Michael Lee learned cladistic analysis in a rugged school. His doctoral work in England in the early 1990's concerned the origin of turtles. He advanced the idea that turtles are living pareiasurs. This hypothesis was, and remains, highly controversial; and Lee was forced to fight epic battles with unbelievers, culminating in two extensive, back-to-back articles by Lee (1997) and by deBraga & Rieppel (1997) in a single issue of the Zoological Journal of the Linnean Society.
By the time this work was published, Lee was already back in Australia preparing his next major project: the revival of Cope's pythonomorph concept. He attacked this project with characteristic energy and with his trademark attention to obscure fossil specimens. The work was published in the same year as the ZJLS article, but received a very different reception. As one paleontologist noted only a year later, "most of the workers I've spoken to that are aware of this work support it virtually 100%." It is truly a beautiful piece of work. Unlike most cladistic works, Lee provides figures for most of the characters he describes, which is enormously helpful for the 99% of his readers who are not lizard specialists. He carefully analyzes fabulously obscure specimens like Saniwides and Paravaranus. He explicitly states his higher-level phylogenetic assumptions. Almost the only element short of perfection is that, hidden in a mass of detail, are a substantial number of uncertain judgment calls about the scoring and polarity of certain characters. However, the end result is a convincing case that Pythonomorpha is a very strongly supported clade.

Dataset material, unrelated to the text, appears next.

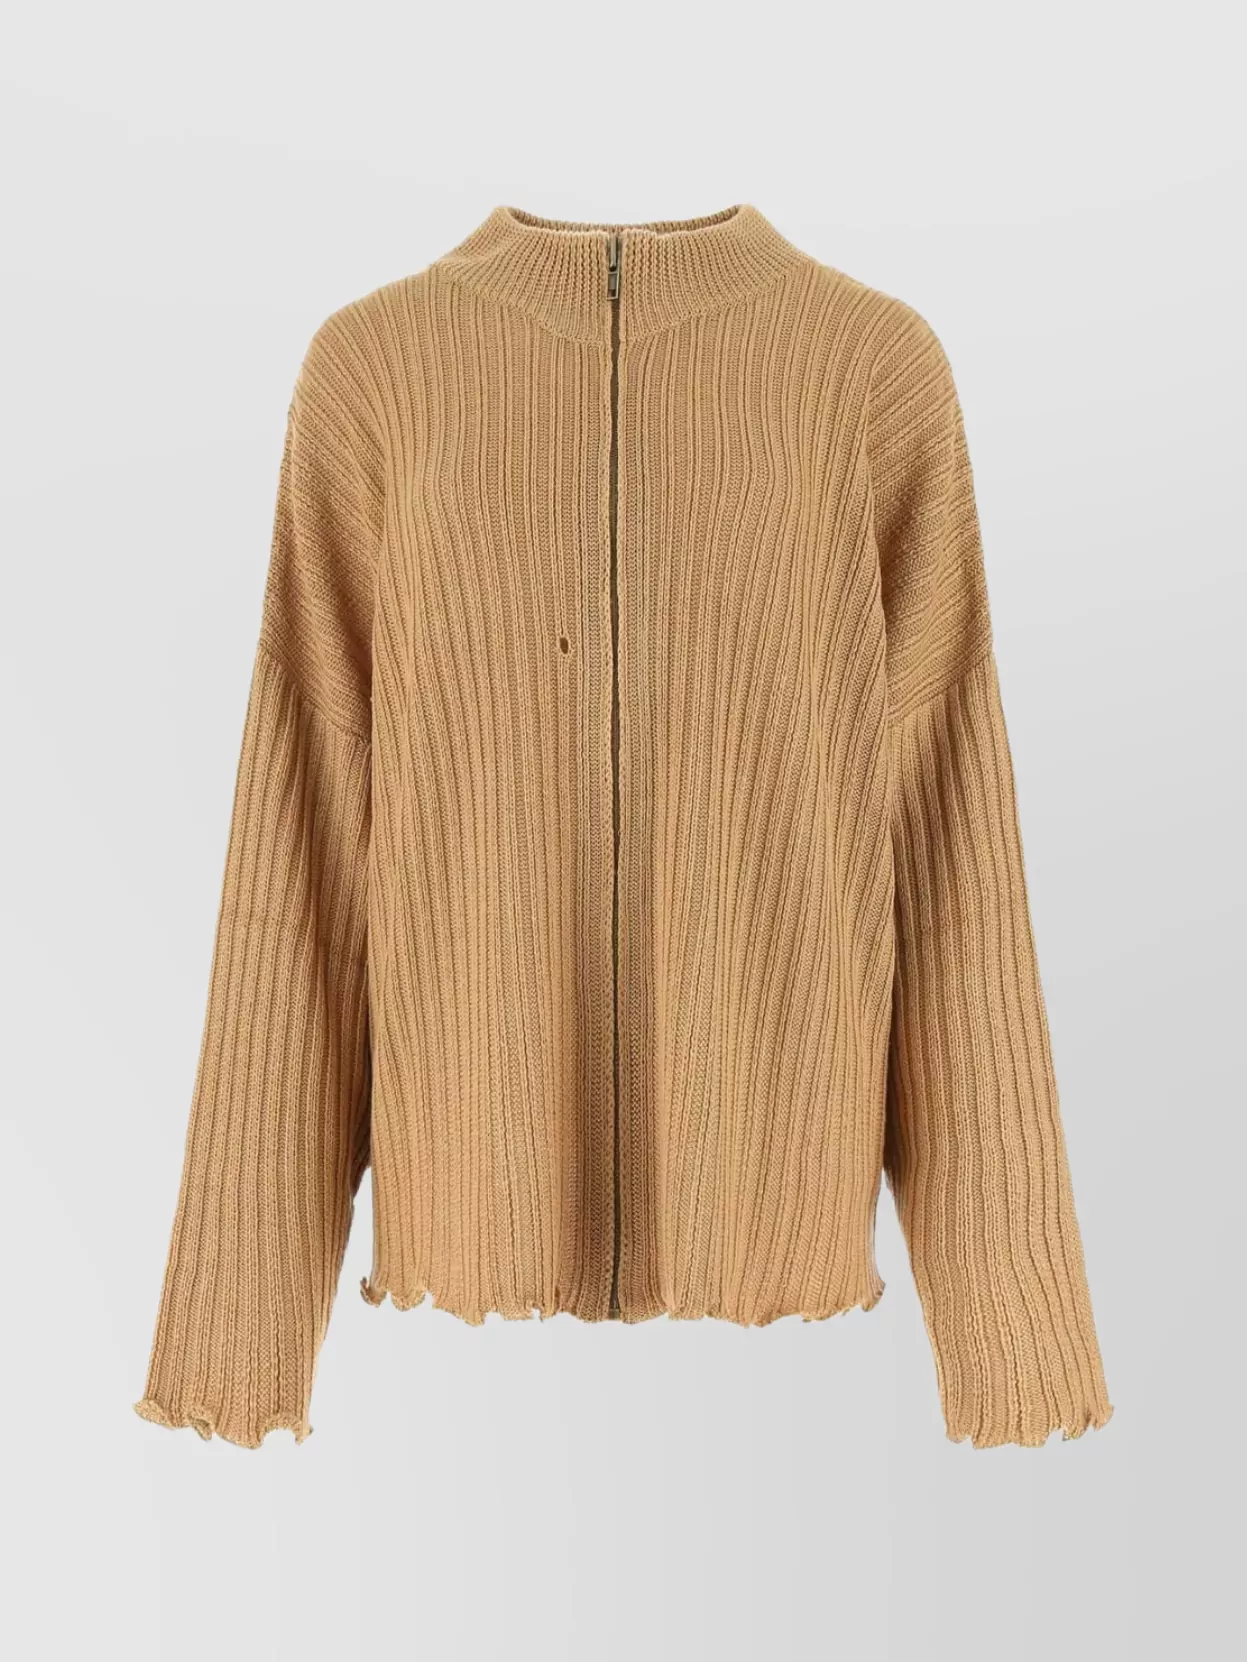 Shop Maison Margiela Oversized Knit Cardigan With Long Sleeves And Ribbed Texture

In fact, oddly enough, Pythonomorpha and its component clades were some of only a handful of clades which were strongly supported. Most of the relationships among the Varanoidea disappeared into vague polyotomies when bootstrapping tests were run. That is, their existence and position was very sensitive to minor variations in the data. Thus, Lee's use of poorly known taxa and the large number of assumptions made about higher level phylogeny and polarity make the rest of his cladogram fairly suspect. However, Pythonomorpha was extremely robust, and Lee identified 38 synapomorphies of the group, many of which dealt with the peculiar mobile lower jaw figured in the main entry in these Notes.
This conclusion was verified by Caldwell (1999), who used a rather different approach. To say "verified" is somewhat unfair, since Caldwell was working independently on the question and submitted his original manuscript three months before Lee did. However, the paper was held up in review for a year and in press for two more. Caldwell's primary work has always been in this phylogenetic area, particularly with aigialosaurs. Aigialosaurs are generally thought to be the sister group of mosasaurs, or may even include mosasaurs. Caldwell was once of the view that aigialosaurs were basal, largely terrestrial varanoids, probably close to snakes, and that mosasaurs were, at least morphometrically, something quite different. Caldwell et al. (1995). However, he seems to have come around to Lee's take on Pythonomorpha about the same time as Lee did.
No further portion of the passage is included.